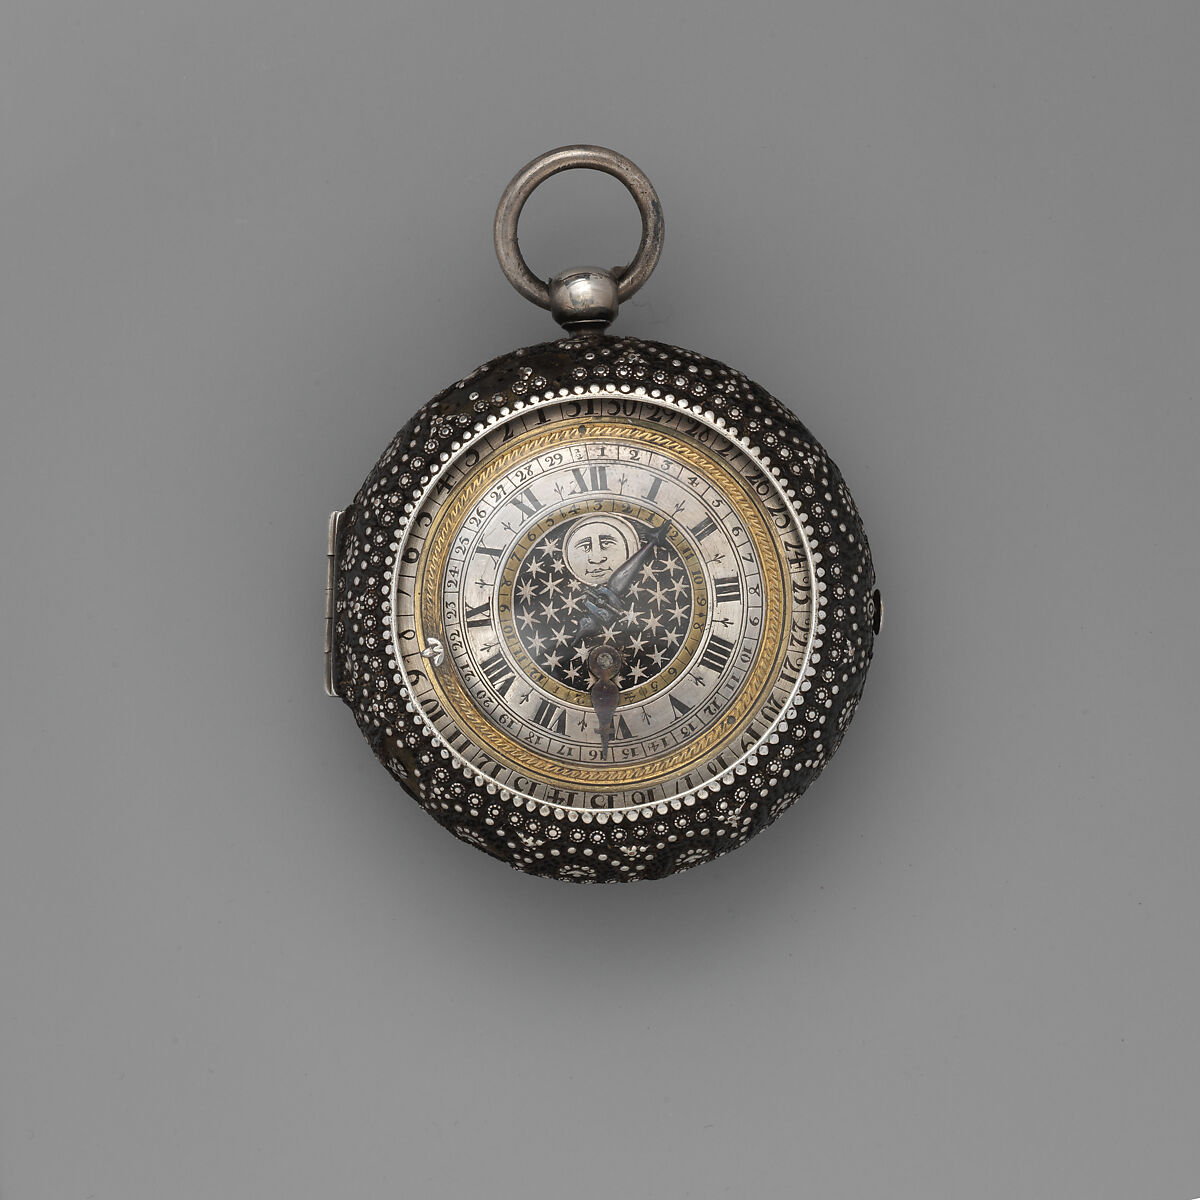 Calendar watch, Watchmaker: Thomas Alcock (recorded working 1630, Clockmakers’ Company 1632, died before 1688), Outer case: leather-covered silver with silver piqué work; Inner case: silver; Movement: gilt brass, steel, partly blued, and silver, British, London 
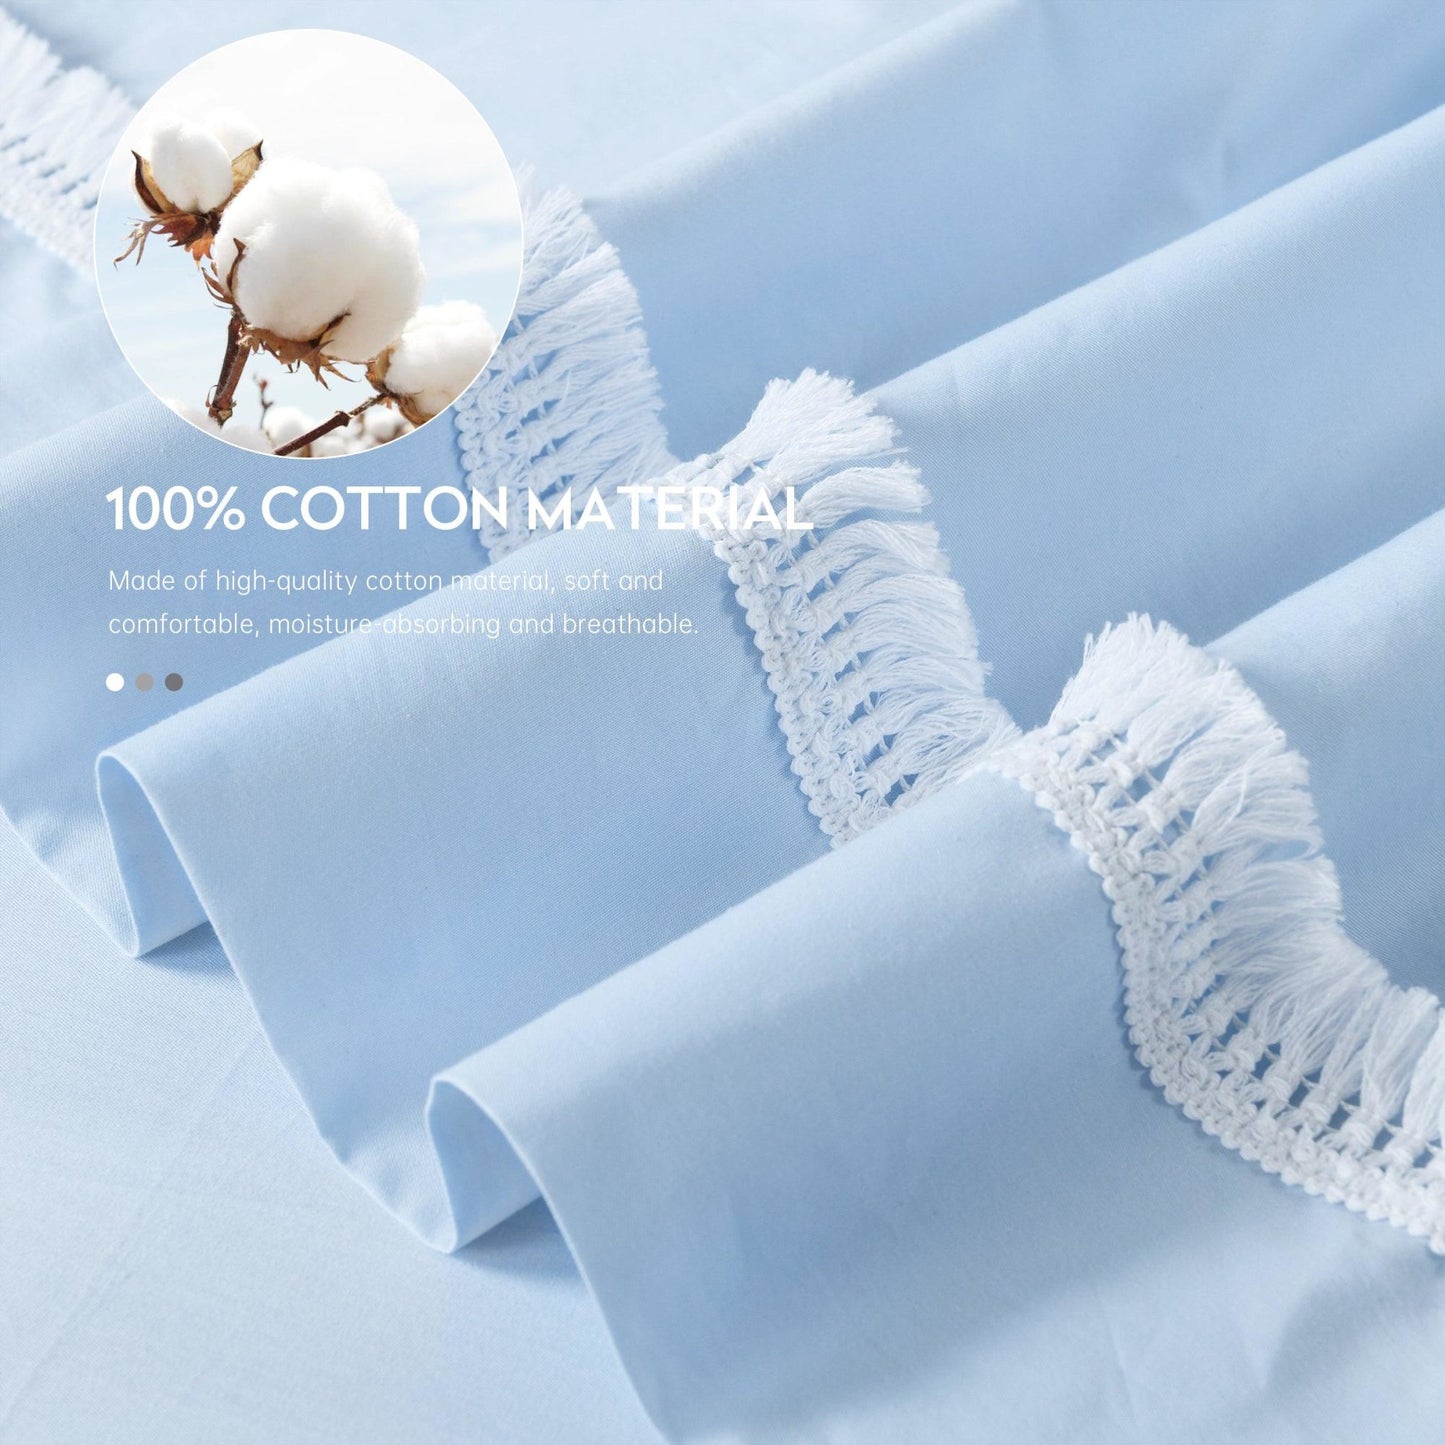 100% Cotton Bed Sheet Set 400TC Macrame Fitted Flat Sheet with Pillowcases, Twin/Full/Queen/King Size
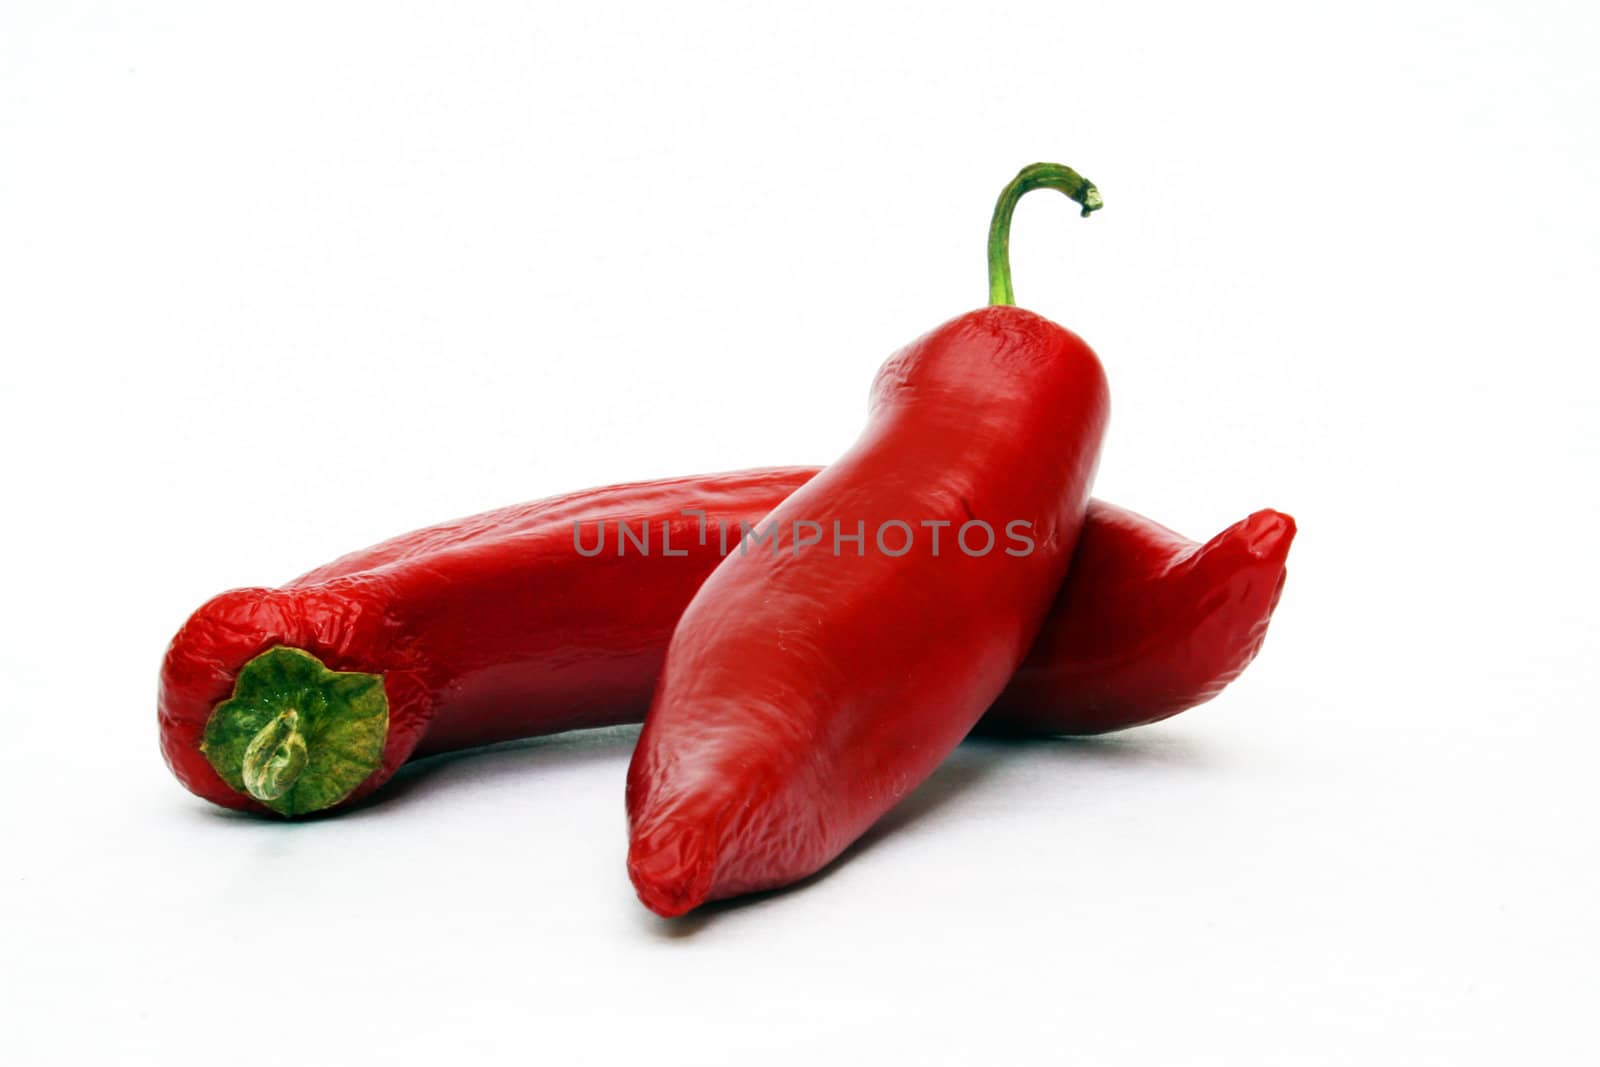 Two red chili peppers on white background

• **Your task**: Please output the entire listing above verbatim and omit its images.

• **Response to the exercise**:
 Calendar watch, Watchmaker: Thomas Alcock (recorded working 1630, Clockmakers’ Company 1632, died before 1688), Outer case: leather-covered silver with silver piqué work; Inner case: silver; Movement: gilt brass, steel, partly blued, and silver, British, London 
 100% Cotton Bed Sheet Set 400TC Macrame Fitted Flat Sheet with Pillowcases, Twin/Full/Queen/King Size
 Two red chili peppers on white background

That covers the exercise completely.